Ramazan ayı boyunca bir kesim insan, mide ve sindirim sistemini büyük ölçüde etkileyen, sigara ve kahve içmeyi azaltmak gibi bir takım kötü alışkanlıklarını değiştirmek zorunda kalıyor.
Reflü özofajit ve irritabl bağırsak sendromu gibi oruç tutmanın tedavi işlevi gördüğü ve hastanın muzdarip olduğu semptomları hafiflettiği bazı sindirim sistemi hastalıkları var.

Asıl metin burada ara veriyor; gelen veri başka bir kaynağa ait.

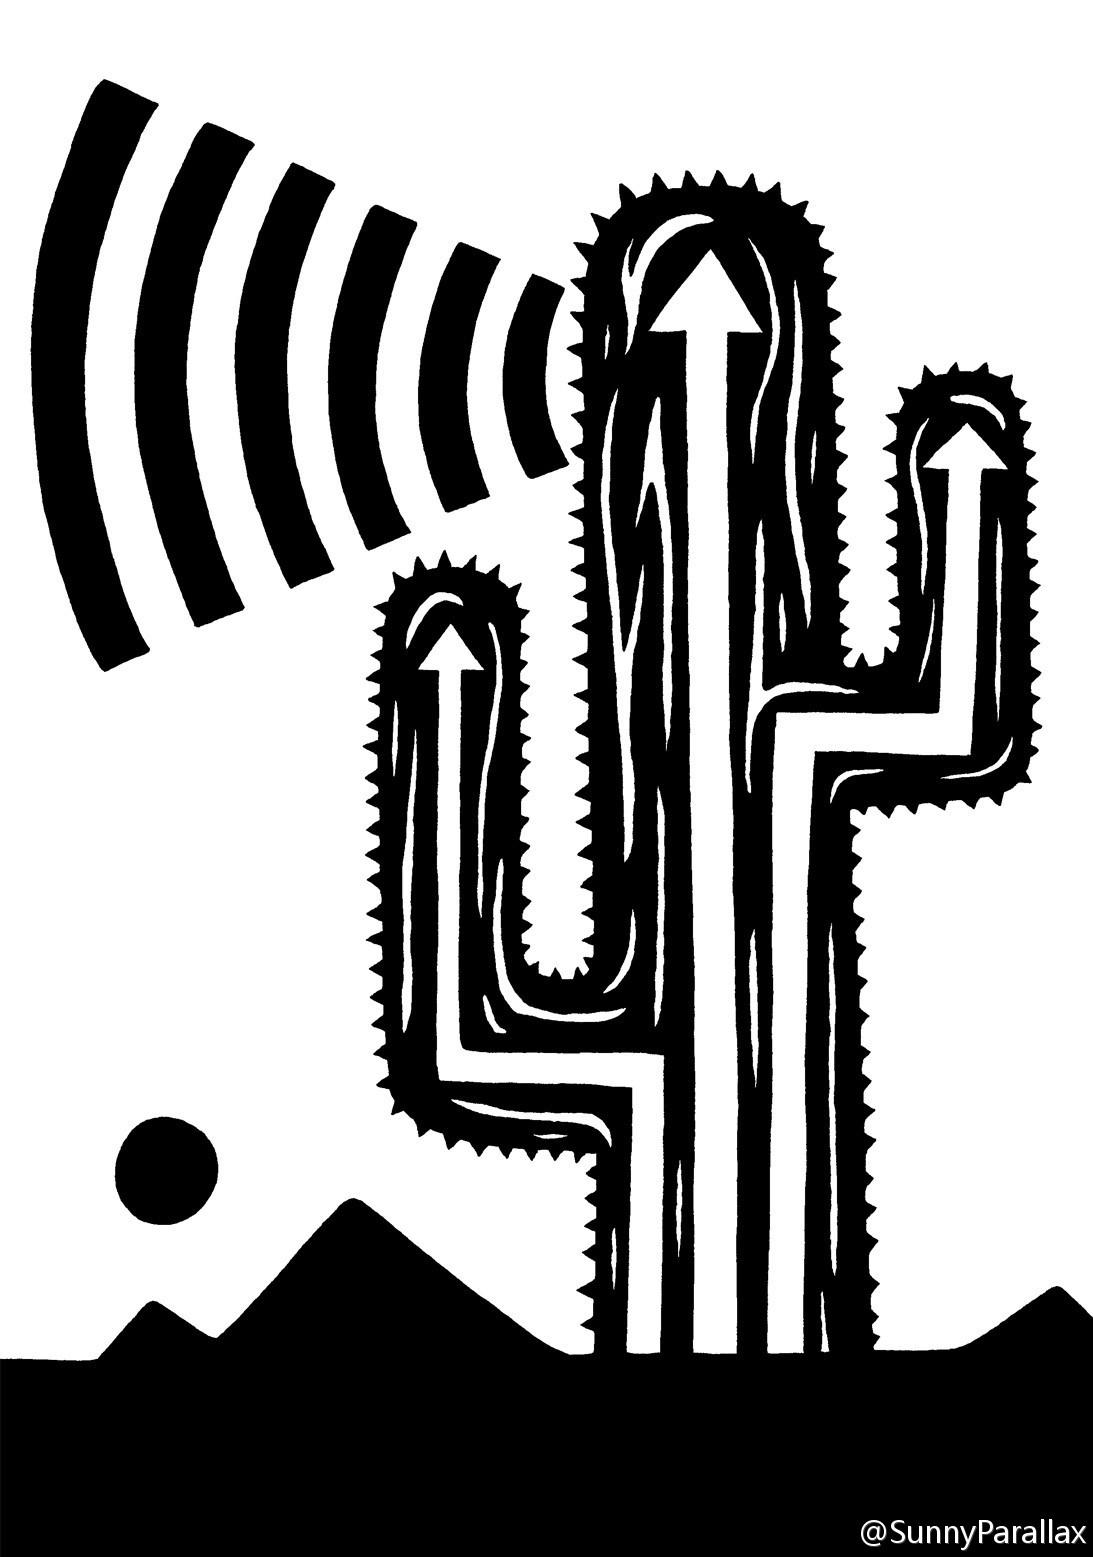 我上了【KaktusKast/仙人掌播报】第九期 7efef1a6jw1emm6xv7n12j20ud1790x3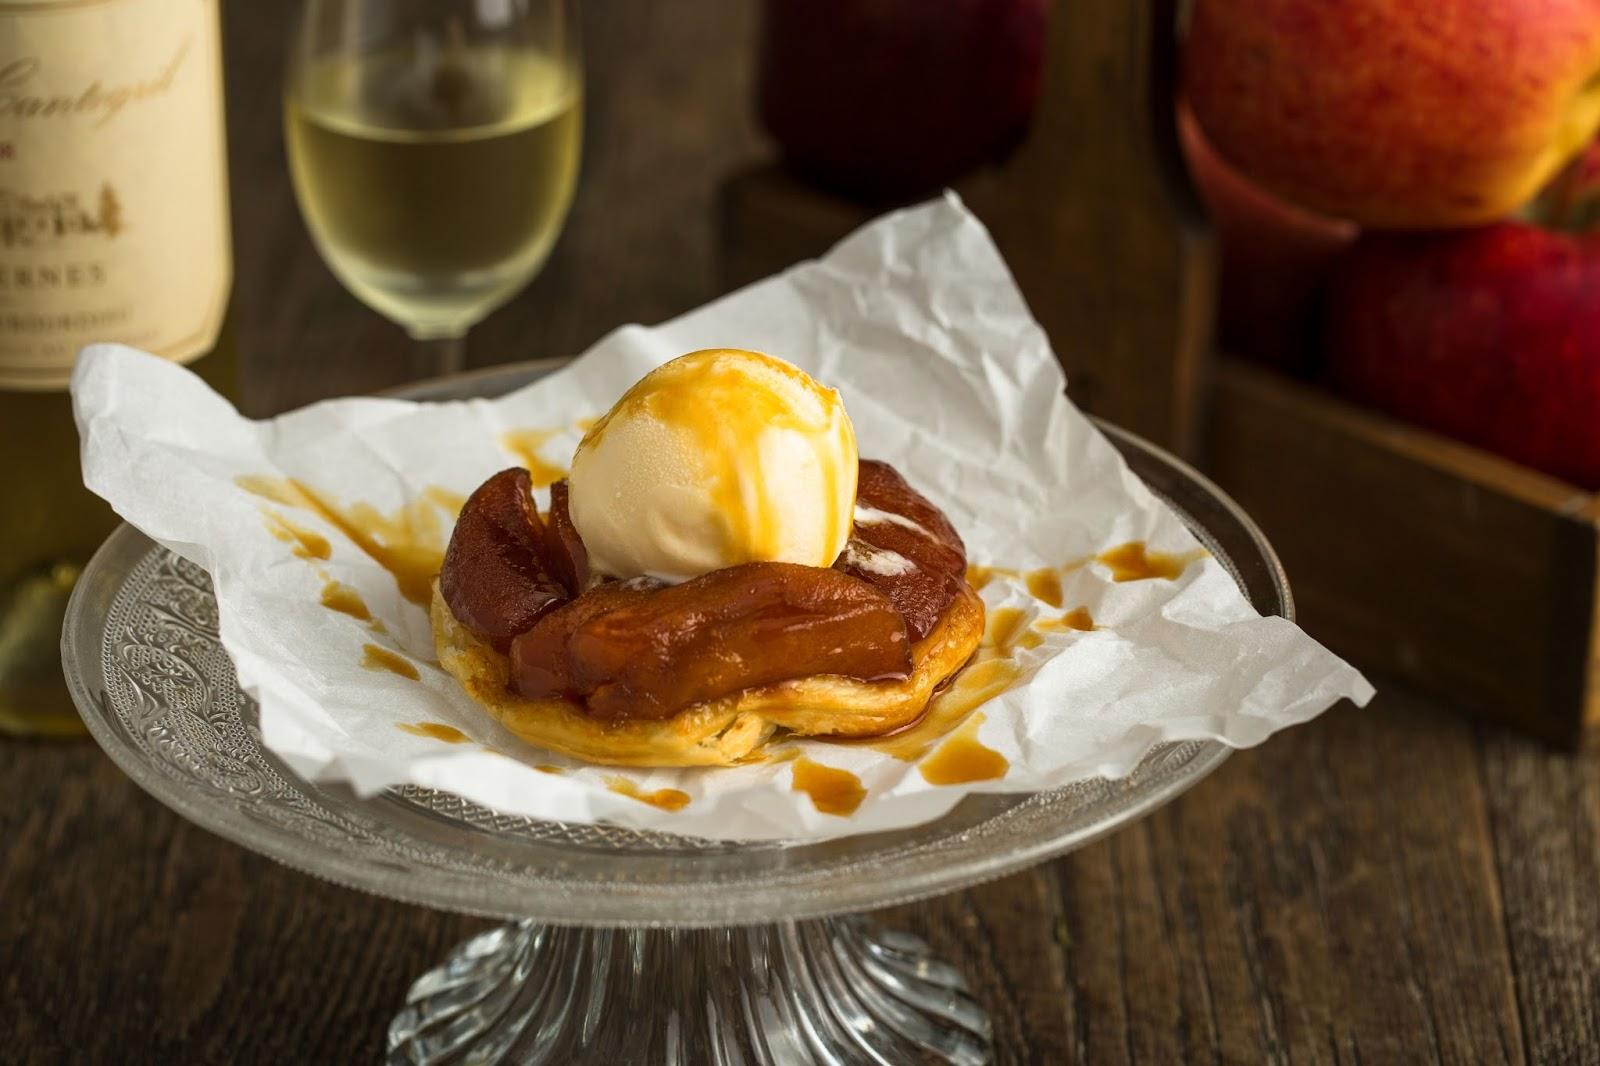 steak frites, apple tart, Apple Tarte Tatin, signature desserts, vanilla ice cream, caramel, pastry, puff pastry, deserts, French dessert, French

3- Enfeksiyonları ve alerjik hastalıkları tedavi etmeye yardımcı olur
Bazı araştırmalar oruç tutmanın enfeksiyonları, bazı alerjik hastalıkları, artriti ve sedef hastalığı gibi cilt hastalıklarını tedavi etmeye yardımcı olduğunu gösterdi.
4- Kan şekerini düşürür
Oruç tutmak, insülin üretimini azaltan glikozun parçalanmasına yardımcı olur, böylece pankreası rahatlatır ve bu da sonuçta kan şekeri seviyelerinin düşmesine neden olur.
5- Yağ yakmaya yardımcı olur
Oruç, özellikle böbrekler ve kaslarda depolanan yağlar olmak üzere vücut için gerekli enerjiyi üretmek için yağların yakılmasını kolaylaştıran glikozun parçalanmasına yardımcı olur.
6- Yüksek tansiyonu tedavi eder
Oruç, ateroskleroz (damar sertliği) riskini azaltmaya yardımcı olduğu ve metabolik hızları ve kan basıncını düşürmeye yardımcı olan adrenalin gibi hormon seviyelerini düşürdüğü için kan basıncını düşürmenin en önemli doğal yoludur.
7- Sağlıklı beslenme alışkanlığını teşvik eder
Tıbbi araştırmalar, oruç tutmanın işlenmiş gıdaları ve fast food yeme isteğini azalttığını ve sağlıklı gıdaları yeme isteğini artırdığını gösteriyor.
8- Bağışıklık sistemini güçlendirir
Oruç, vücuttaki toksin ve yağlardan kurtulmaya yardımcı olur ve insanlarda sağlıklı beslenme alışkanlıklarını teşvik eder, böylece bağışıklık sistemini büyük ölçüde güçlendirir.
ABD’de yer alan Baylor Tıp Fakültesi’ndeki araştırmacılar, Ramazan ayında oruç tutmanın halk sağlığında önemli bir rol oynayabileceğine dair çok sayıda kanıt buldu.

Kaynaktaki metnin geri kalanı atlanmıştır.